Reflexiones automotrices

Reflexiones automotrices

Hoy me di cuenta que tengo una suciedad en el carburador.

Mis conocimientos en mecánica automotriz son tan escasos,  que tengo que admitir que siento una efímera sensación de orgullo por haber llegado a ésta deducción.  Y digo efímera, por que inmediatamente recapacito, me siento, tomo un café y trato de poner todo en orden: me digo que un mecánico de verdad habría concluido que sería un “mugre” y no una “suciedad” lo que tendría ese carburador. Pero está bien; supongo que los términos exactos de la jerga propia de los talleres mecánicos no me van a desviar del tema, cuando  lo que quiero explicar es cómo un tipo que ni siquiera tiene licencia de conducción ha podido, después de un cuidadoso análisis, proferir  tal diagnóstico. Un tipo que nunca en su vida ha abierto una de esas puertas alrevesadas que protegen la maquinaria de los vehículos. Y entonces, mientras magnifico mi perspicaz descubrimiento y siento la satisfacción que debe sentir aquel alumno díscolo y haragán que por obra y gracia de quien sabe que fuerza superior ha logrado aprobar el examen final, de repente así no más me aterra y me causa un pavor escalofriante la certeza técnica de mi audaz descubrimiento: Tengo un “mugre” en el carburador. Apenas natural, pues a cualquiera le resultaría  completamente normal que el carburador de un modelo ochenta y uno haya acumulado alguno de estos “mugres” una, dos o dieciocho veces en su ya considerable tiempo de funcionamiento.

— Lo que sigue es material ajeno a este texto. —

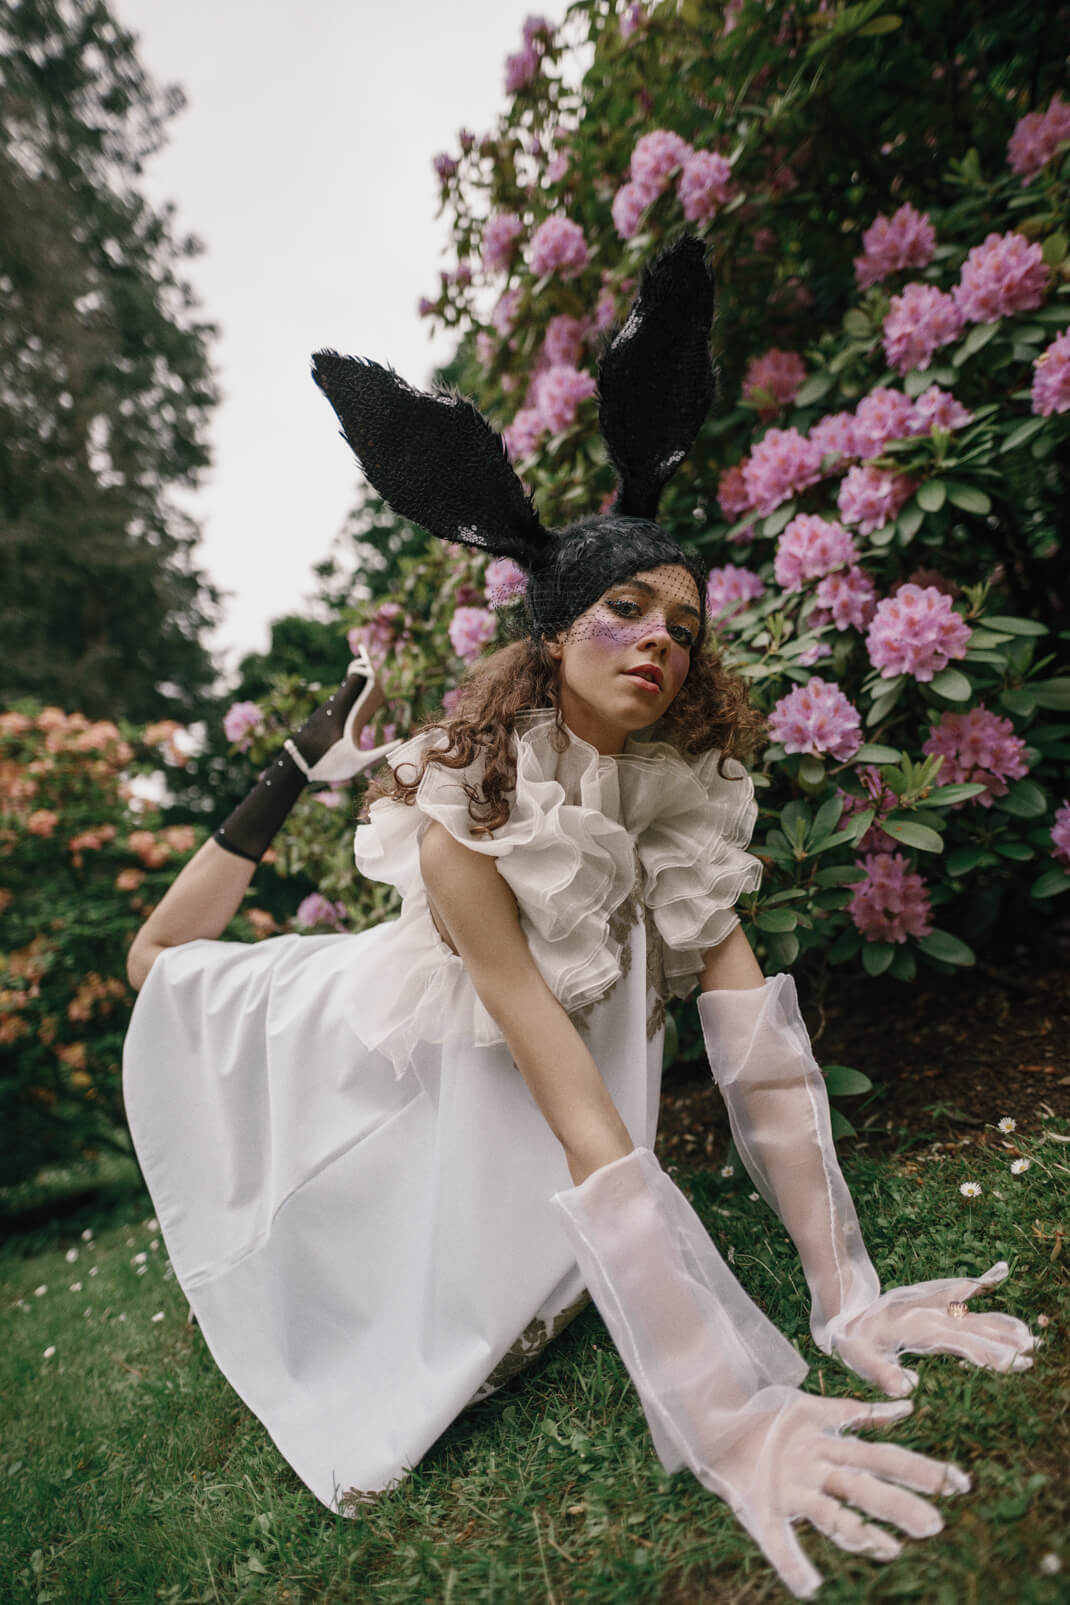 Klaudia in Wonderland modelka Alicja w krainie czarów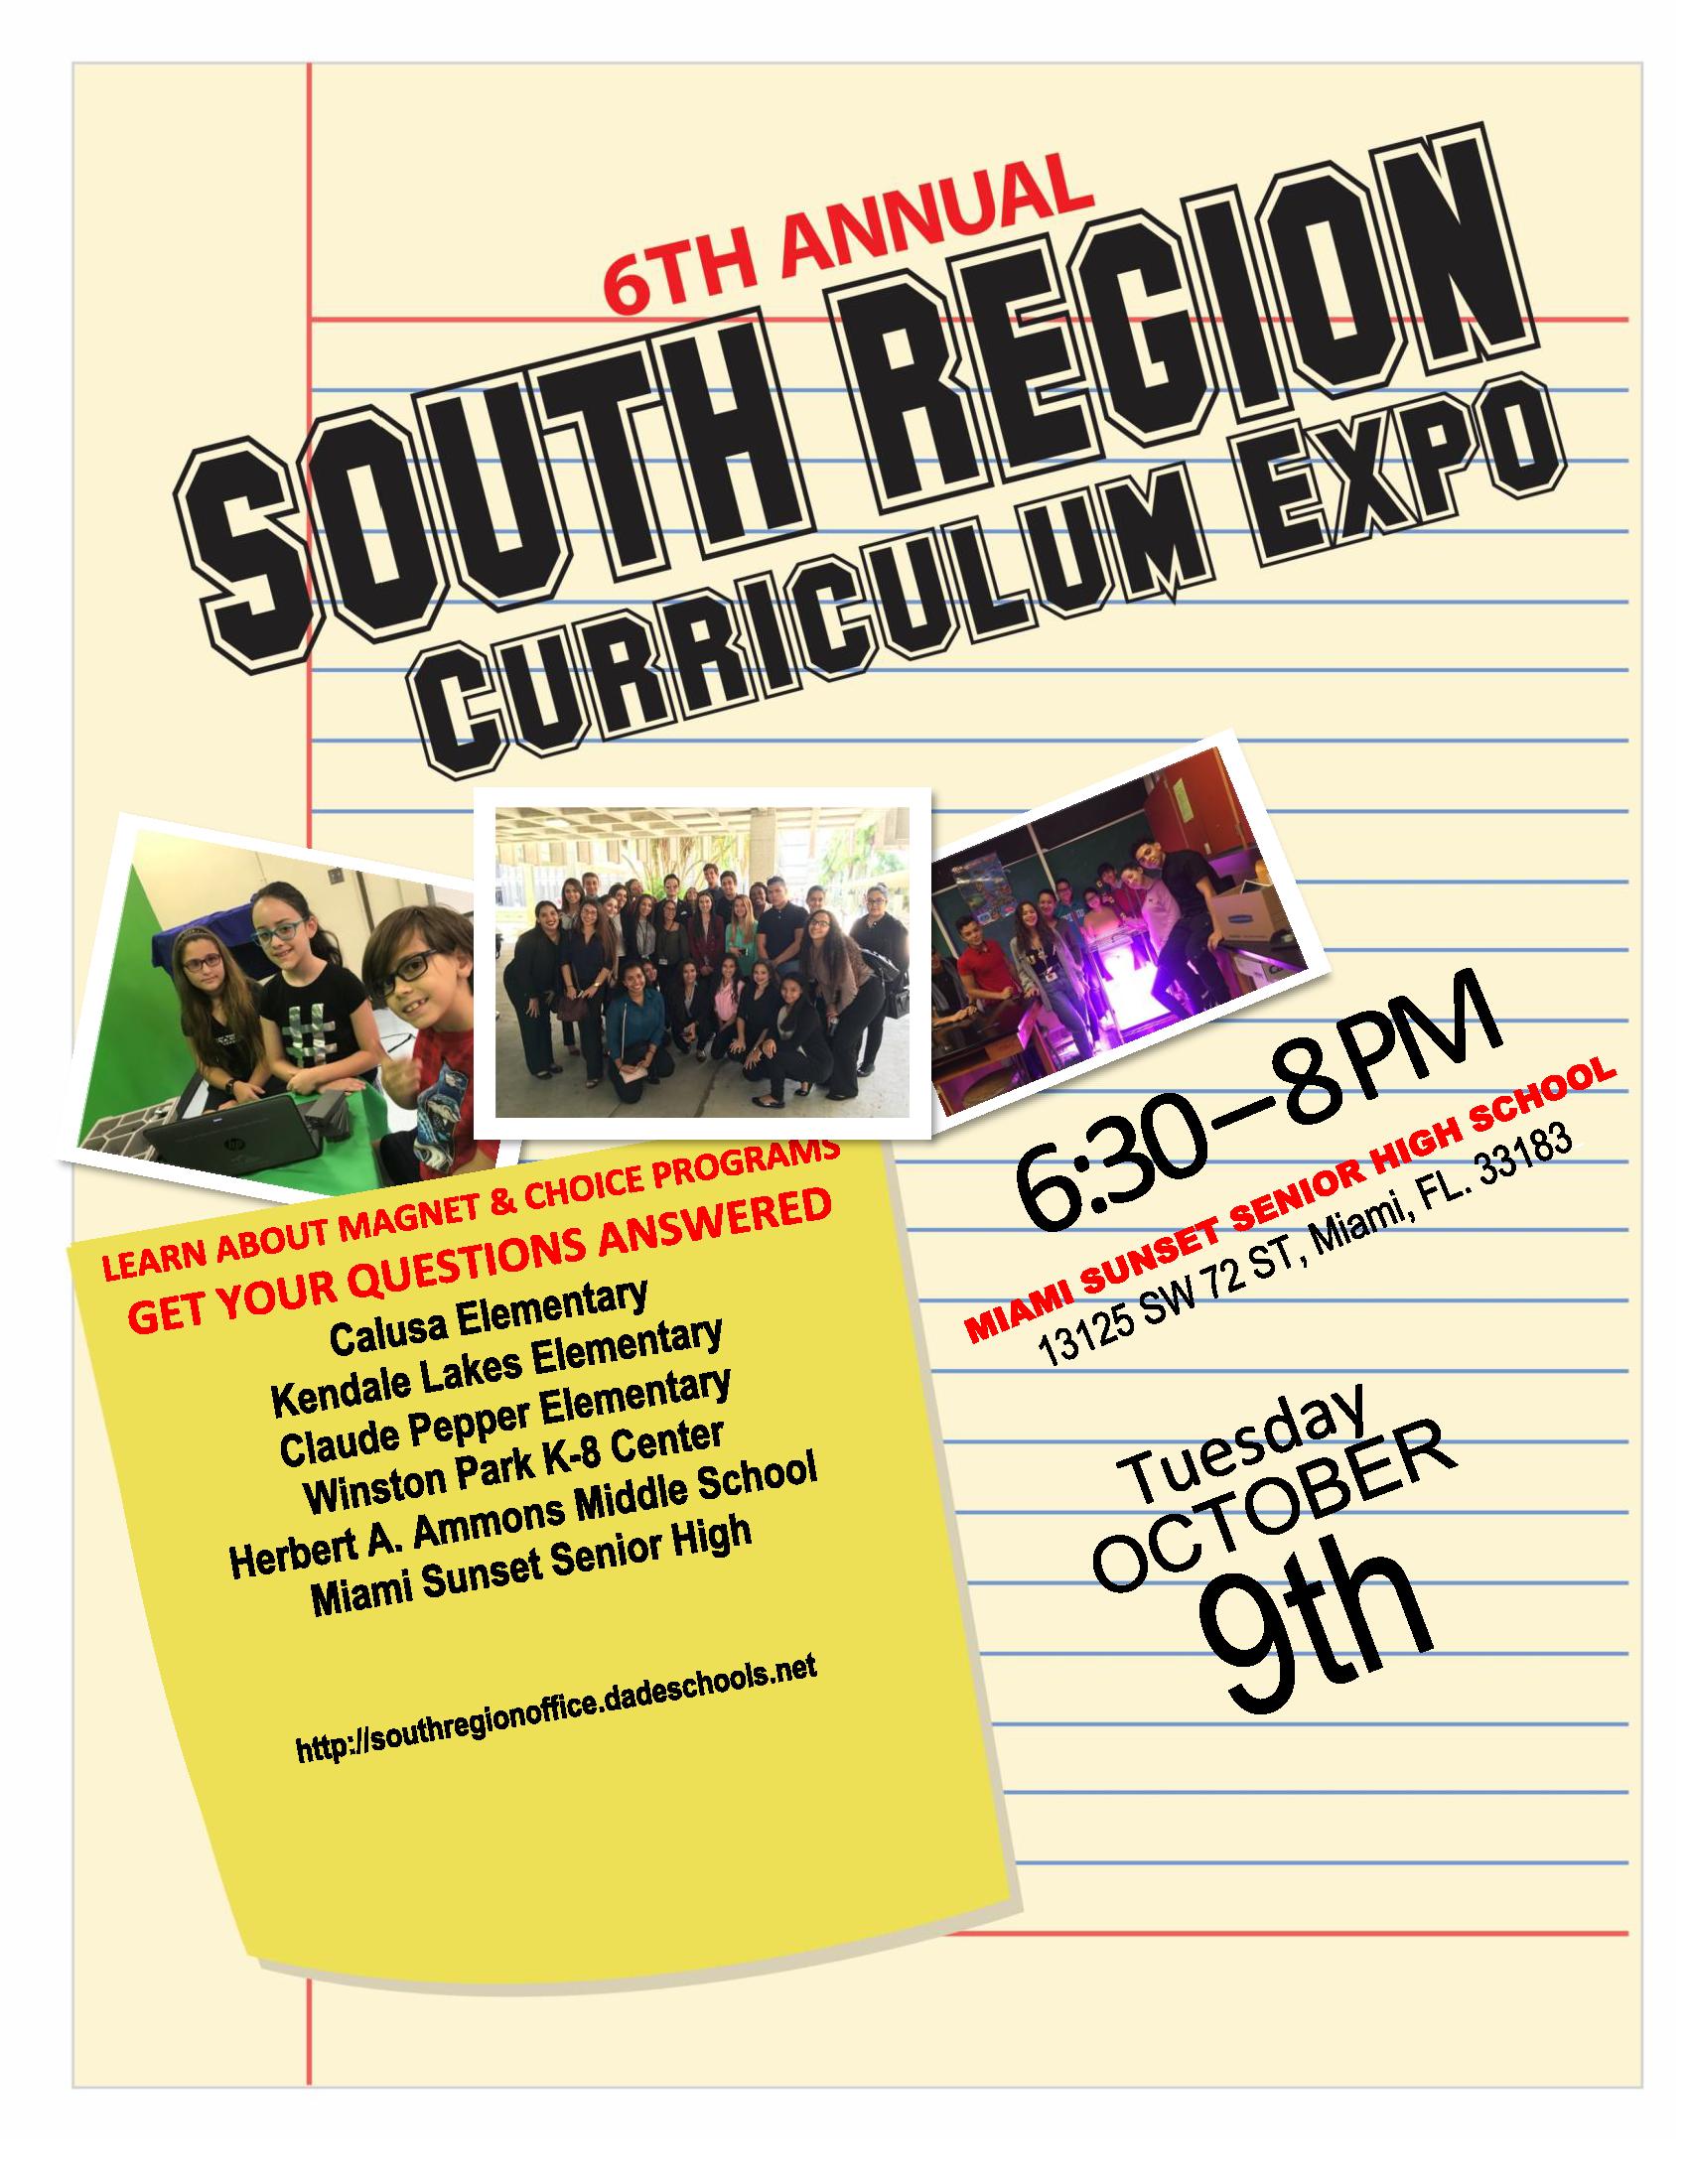 Curriculum Expo @ Miami Sunset Senior High School

No es ningún clásico claro está, pero hace rato dejó de ser un modelo codiciado.  Entonces, la tristeza de haber comprobado el desperfecto que agobia al desgastado carburador, me aterriza, me espanta y ya no me siento orgulloso cuando relato el sensato descubrimiento.
El carburador está diseñado para lograr la eficiente mezcla aire-gasolina que hará que el aparato marche; esto sin importar si el personaje a bordo del automóvil se dirige a su trabajo, a su casa, al bar de siempre con canciones viejas, a la pista de bolos o a la estación del tren donde verá por última vez a esa mujer que roba sus pensamientos cuando los ojos se abren por primera vez en la mañana. Al carburador poco le importa el destino de su dueño, ya que somos unos seres despreciables e invisibles para él, pues su función, como acabo de mencionar, es provocar la puesta en marcha por un efecto de explosión de combustible que desencadena una cuidadosa sinfonía de fenómenos mecánicos que se orquestan con el único propósito de que el usuario se desplace a prisa y muchas veces sin saber siquiera a dónde va, dentro de una concha de metal, vidrio y fibras soberbias que aíslan al conductor del resto de los humanos y le arrebatan la libertad de caminar a donde quiera. Nada de esto le importa a un carburador, al incomprendido, imprescindible y maltratado carburador. Pero resulta que el preciosísimo combustible del que precisa éste carburador es incapaz de producir una explosión, al menos en el sentido tradicional -ese que se refiere a la pirotecnia-. No. Éste combustible no es de esos, pero de seguro éste combustible sí que es capaz de desatar otros cientos de tipos de explosiones, unas del tamaño de Hiroshima; feroces y capaces de consumir todo aquello con que se atraviese en los caminos de su expansión en un destello de abrazo mortal infernal y otras, que apenas producen una llamita débil y pálida que ni siquiera calentaría  al dedo que se deslice sobre su triste y miserable fulgor. Entonces comprendo que el desperfecto, la suciedad, el mugre - cuántos nombres para algo tan grande y tan pequeño-  esa desavenencia que impide la obertura de aquella mágica sinfonía, no podría ser limpiado por un mecánico cualquiera; triste noticia para mí, pobre carburador. Su combustible escarlata en certeza, a veces tan amarillo que da gusto, azulado (a su lado) y de muchos otros colores, no basta para que funcione como debiera. Su desgastada maquinaria cumple apenas funciones básicas con una tristeza y soledad pasmosa, precisa la reparación que le dará el tiempo.